2. Materials and Methods
In the current work, 99 Awassi male lambs, single-born from dams at the age of 2-3 years, were randomly selected from three Awassi sheep flocks located in Abo-Gharib west of Baghdad /Iraq. All lambs were born during December, 2013.
Body weights of all lambs were measured at five times (0, 1, 2, 3, and 4 months).
Repeated measure design with two factors, flocks (between-subject) and time (within-subject) was used to fitting the data. Greenhouse-Geisser Epsilon (G-G) and Huynh-Feldt Epsilon (H-F) adjusted F test approaches were traditionally used when the sphericity assumption for univariate approach was violated (Keskin and Mendeş, 2001).
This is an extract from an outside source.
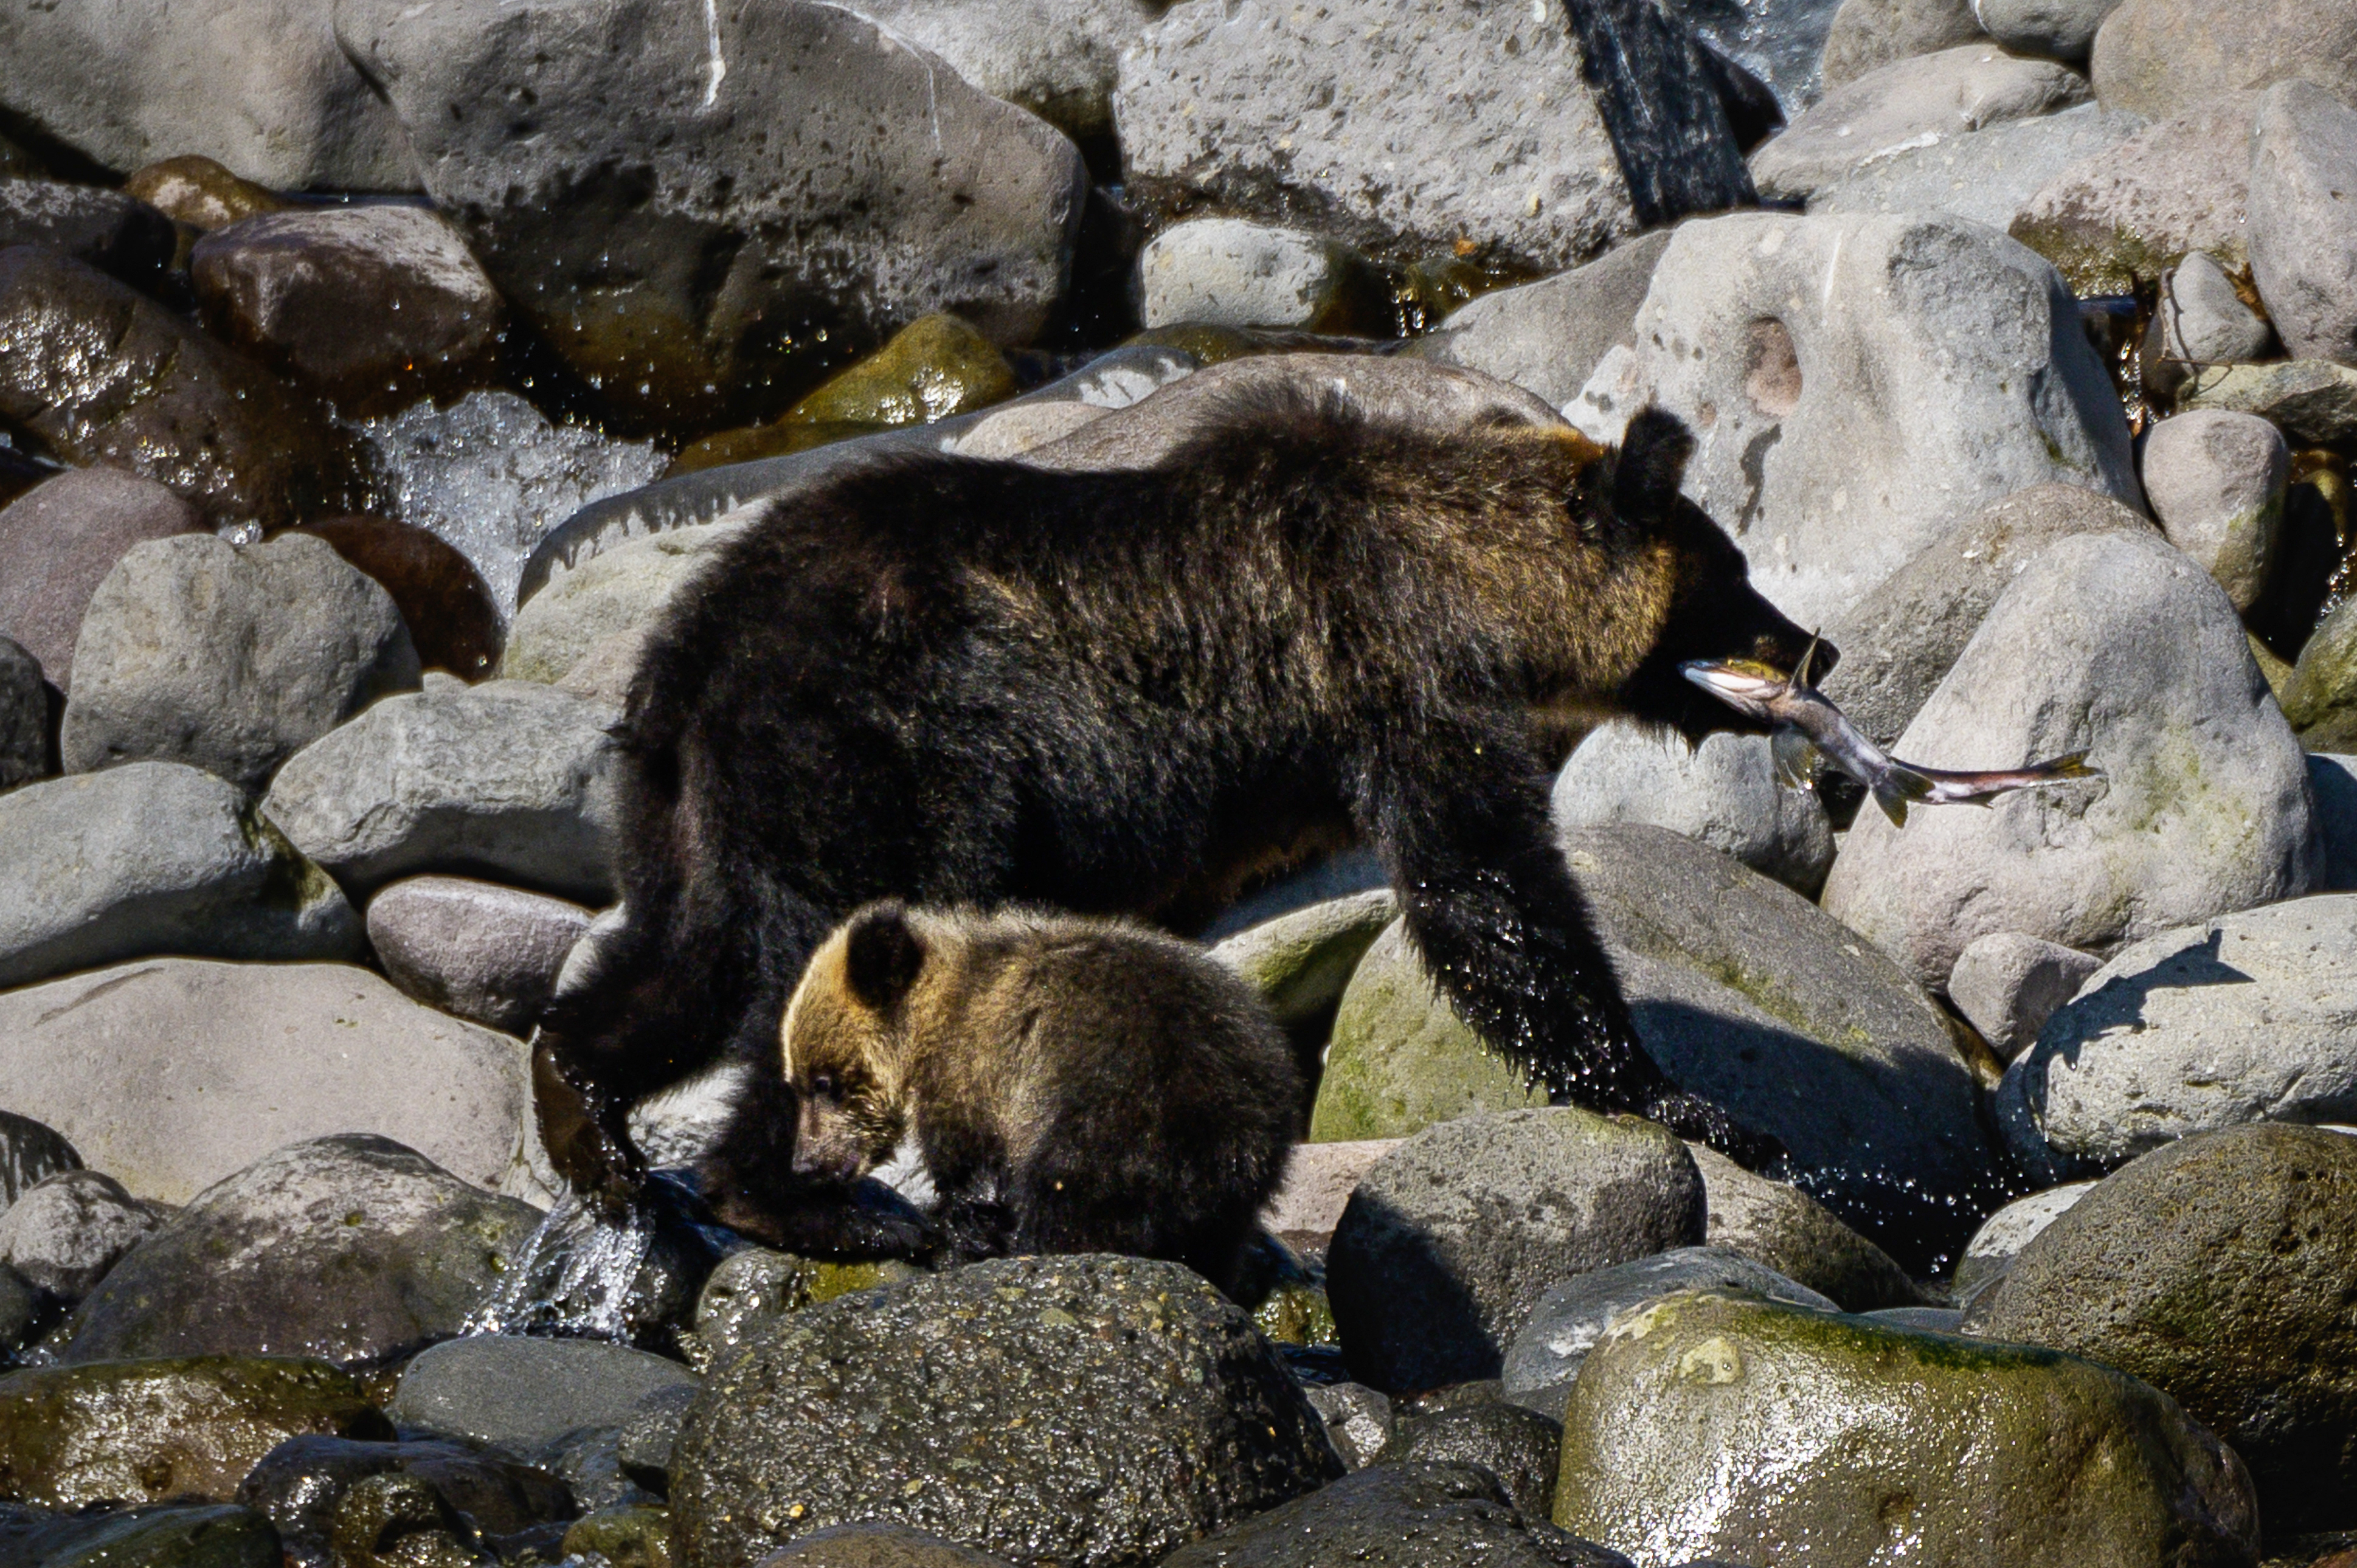 Japanese Angler Missing, Bear Found with Waders In Mouth

Mixed model methodology was performed to analyze the data. Three statistical models were used for data analysis:
The first statistical model is:
Y_{ijk} = μ +α_{i} + β_{j}+ (αβ)_{ij}+ e_{ijk}
Where:
μ= Grand mean
i=1, 2, 3(flocks) and j=0, 1 ….4 (time/month).
α_{i}: i th fixed level of flock (treatment) factor
β_{k} : k^{th} fixed time effect,
(αβ)_{ik}: Flock by time interaction effect,
e_{ijk} : Random error element.
The second model including the same factors in addition to time*time and the third model including the same factors in the second model in addition to time*time*flock.
Statistical analysis was carried out using GLM and MIXED procedures of SAS. Four criteria were estimated (-2Res. Log likelihood, AIC, AICC, and BIC) to determine the most suitable mixed model approach in repeated measures design. The lowest values of each criterion indicate the best covariance structure.
3. Results and Discussion
Least square means of body weight in three flocks are shown in Table (1) and presented in Figure (1). The Figure (1) illustrate that the flocks have lines that are not flat, i.e. the slopes of the lines are not equal to zero. The lines for the three flocks are rather far apart. Since the lines are not parallel, these could indicate that the interaction between time and flock is significant.
Results showed that the effects between subjects (flock), within the subject (time) and flock by time interaction were significant (Table 2, 3).
Flock | Birth weight | Months | |||
1 | 2 | 3 | 4 | ||
1 | 4.10±0.17 | 11.78±0.41^{a} | 17.85±0.58^{a} | 23.70±0.75^{a} | 28.33±0.97^{a} |
2 | 4.20±0.17 | 11.41±0.40^{a} | 16.85±0.58^{ab} | 21.70±0.75^{ab} | 25.83±0.97^{ab} |
3 | 3.91±0.15 | 10.14±0.35^{b} | 16.10±0.51^{b} | 20.71±0.65^{b} | 25.75±0.85^{b} |
LSM with different letters in the same column differ significantly (P < 0.05)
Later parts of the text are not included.